I have a DynamoDB table with some attributes which are Document Types: list and map, to be specific.

I'm trying to export these tables into Redshift. According to the documentation, the Redshift copy command will fail if you try to copy data from a DynamoDB table which includes either list or map attributes:

Only Amazon DynamoDB attributes with scalar STRING and NUMBER data types are supported. The Amazon DynamoDB BINARY and SET data types are not supported. If a COPY command tries to load an attribute with an unsupported data type, the command will fail.

I've also investigated using a Data Pipeline and Hive, but the documentation suggests that Hive doesn't support list or map either.

What are the options for moving data out of a DynamoDB - including list and map attributes - and into Redshift?

1

1 Answers

0
votes

The approach I've taken is to start with the Export DynamoDB Table to S3 template.
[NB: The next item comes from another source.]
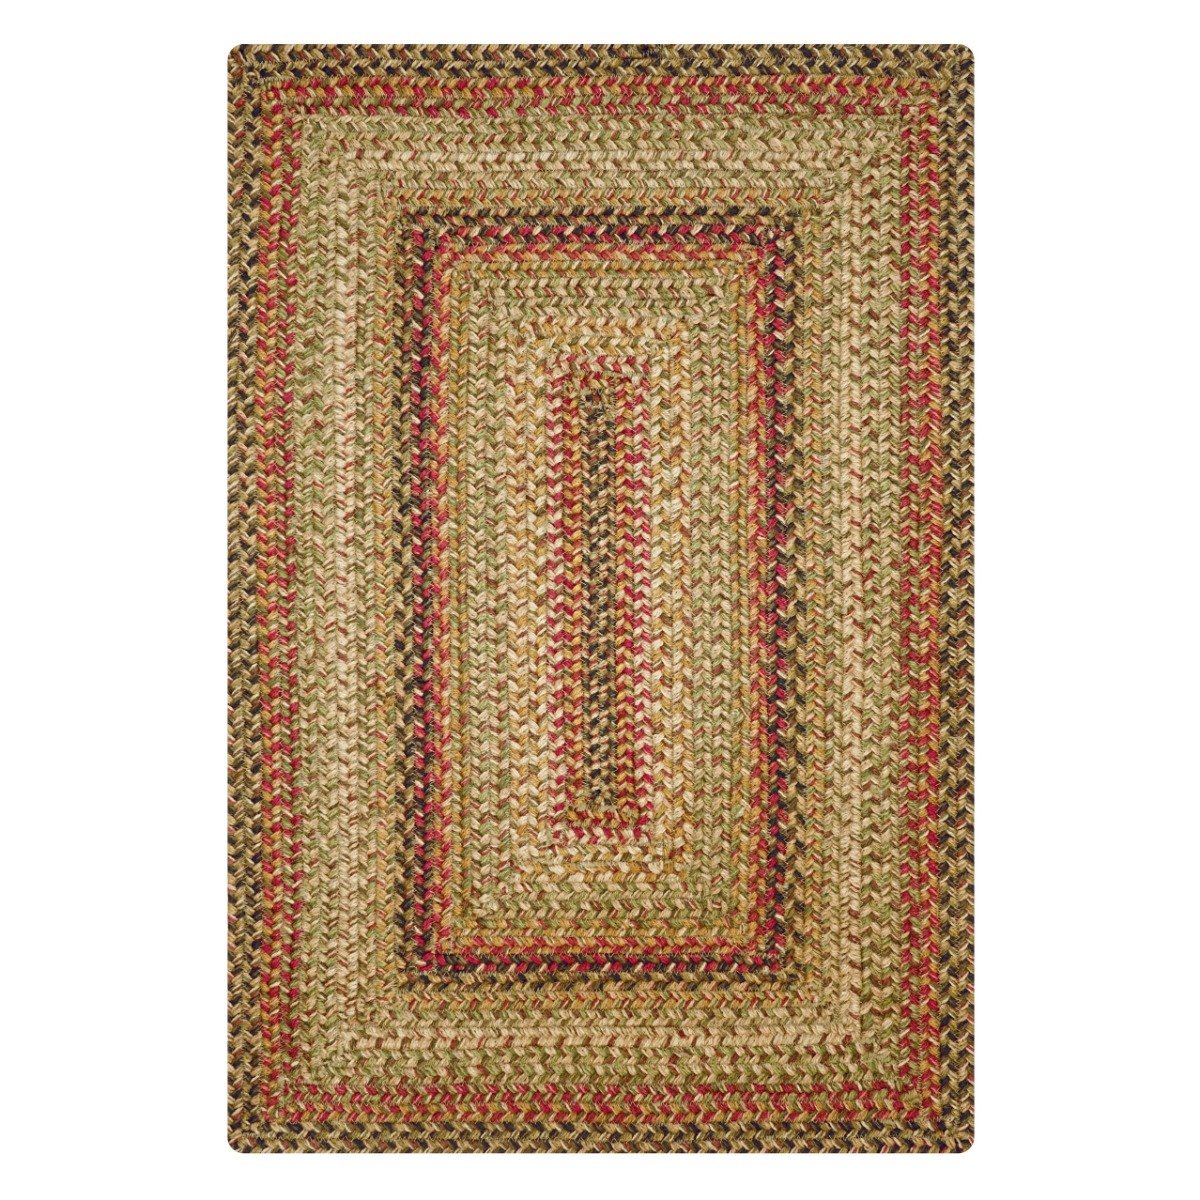  Homespice 20x30” Multi Color Rect. Braided Rug. Kingston Multi  Color and White Jute Rug. Uses- Entryway Rugs, Kitchen Rugs, Bathroom Rugs.  Reversible, Rustic, Country, Primitive, Farmhouse Decor Rug: Home & Kitchen

The org.apache.hadoop.dynamodb.tools.DynamoDbExport step which runs in the EMRActivity seems to output a manifest file specifically meant for use with the RedshiftCopyActivity: http://docs.aws.amazon.com/redshift/latest/dg/loading-data-files-using-manifest.html

So in addition to the S3BackupLocation data node which comes with the "Export DynamoDB Table to S3" template, I've added another S3DataNode which dependsOn the EMR activity. It specifies a manifestFilePath, which is the same as the directoryPath specified in the S3BackupLocation data node - except with /manifest added to the end.

That new data node - with the manifestFilePath - is then used as input for a RedshiftCopyActivity. To flatten attributes which are maps, the RedshiftCopyActivity specifies some commandOptions which provides JSONPath options:

"commandOptions": "JSON 's3://richard.jp.leguen/data-pipeline/misc/jsonpaths.txt'"